Want to make sure your car remains in great shape for as long as possible? Sticking to a strict car maintenance schedule could be the way to go. Just take a look below at our list of specific auto components that need to be regularly maintained, and when.
Oil & Filter
Precisely when you will need to change your oil and filter all depends on the type of oil your vehicles uses. Traditional non-synthetic oils, for example, should be replaced every 3,000 miles. Meanwhile, more resilient synthetic oils can get away with 5,000-10,000 miles between oil changes. So long as you know what type of oil you’re using, you should be able to easily determine when you need an oil change.
If your engine can’t breath, it won’t function correctly and will break down easier. To combat this, make sure you’re changing your filters every 15,000-30,000 miles depending on your environment. The dryer and dustier the environment you live in, the sooner you should look into changing your air filters.

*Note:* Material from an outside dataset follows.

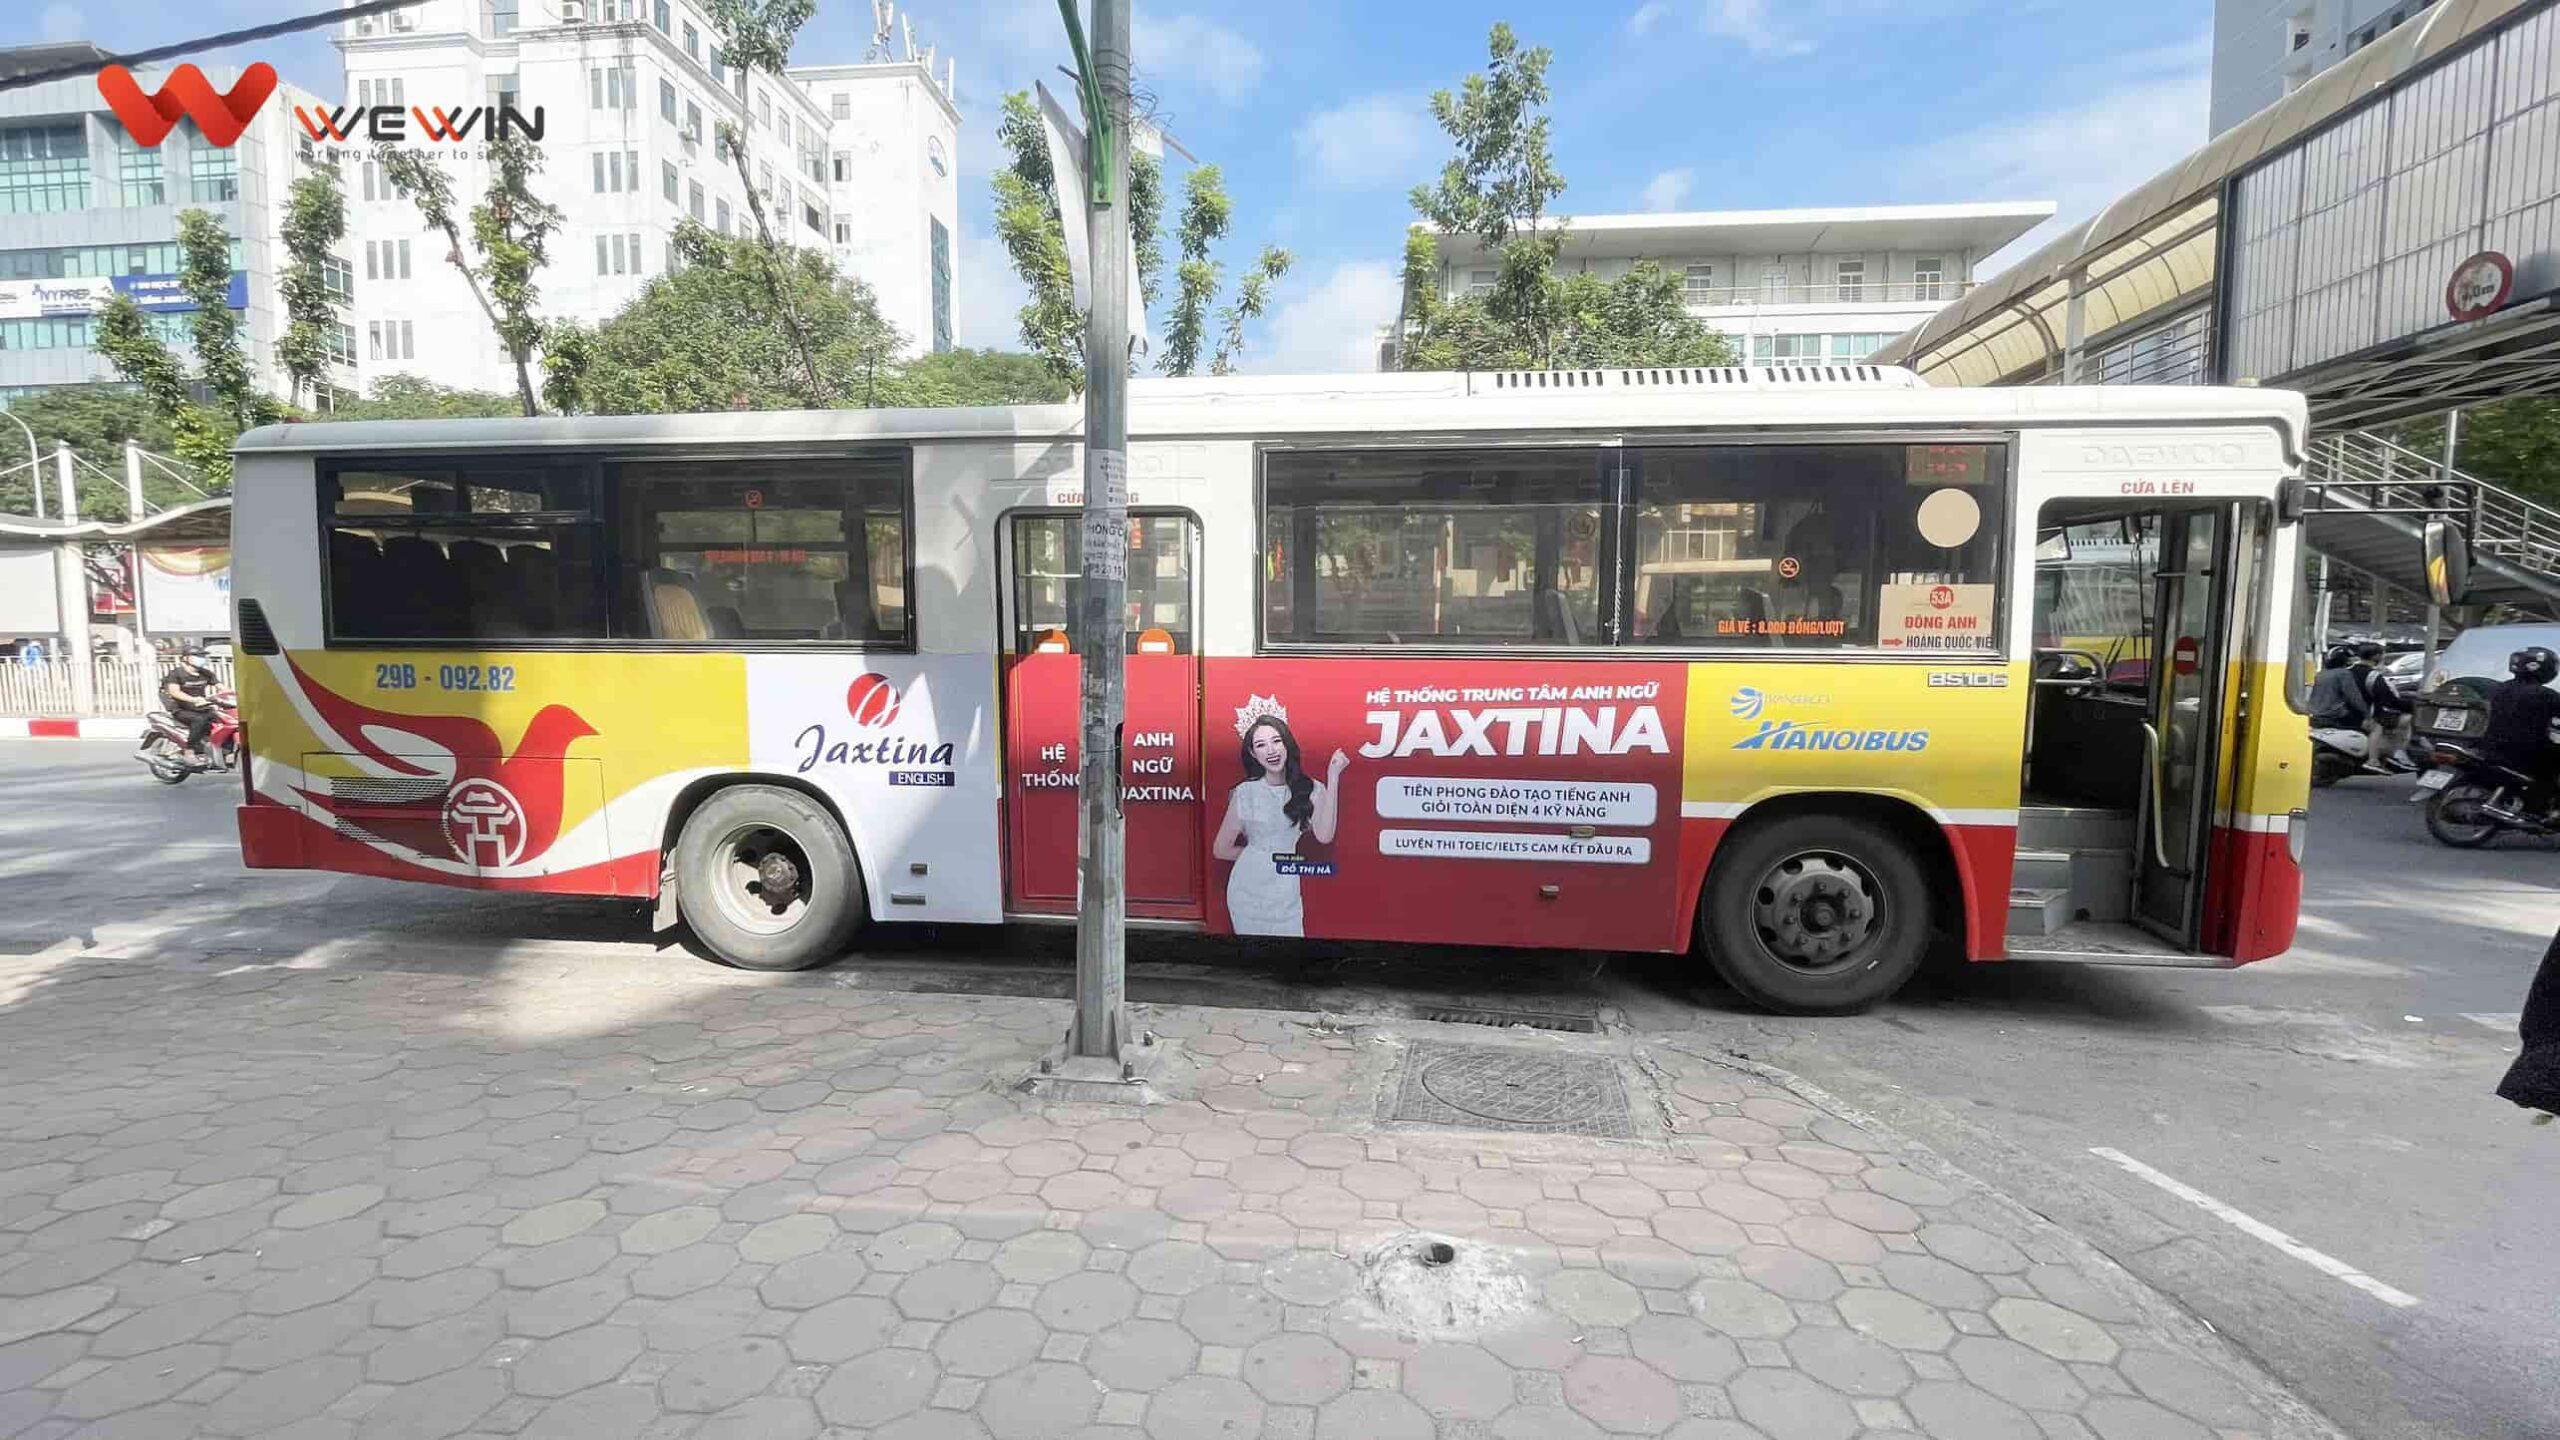 quang cao xe bus jaxtina (4)

A clogged fuel filter is not something anyone wants to deal with, and can even cause an engine to not run at all, which is why changing your fuel filter every 30,000 miles at least is such a great way to protect your engine. Not sure you need a replacement just yet? Ask a mechanic to do a simple pressure test to find out!
Whether you haven’t used a vehicle in a while, or temperatures have been wildly inconsistent, making sure your battery is in great health will go a long way in preventing you from ever getting stuck. Just remember, batteries wear out more according to time than mileage, so your battery life will depend on how often you drive. Traditionally though, you’ll want to look into a new battery every four or five years, or ever 50,000-60,000 miles.
Your brakes are one of the most important components in your vehicle; so don’t let them get “squishy.” Drain and replace your brake fluid according to your vehicle manual’s instructions at least every 20,000-45,000 miles to maintain peak performance.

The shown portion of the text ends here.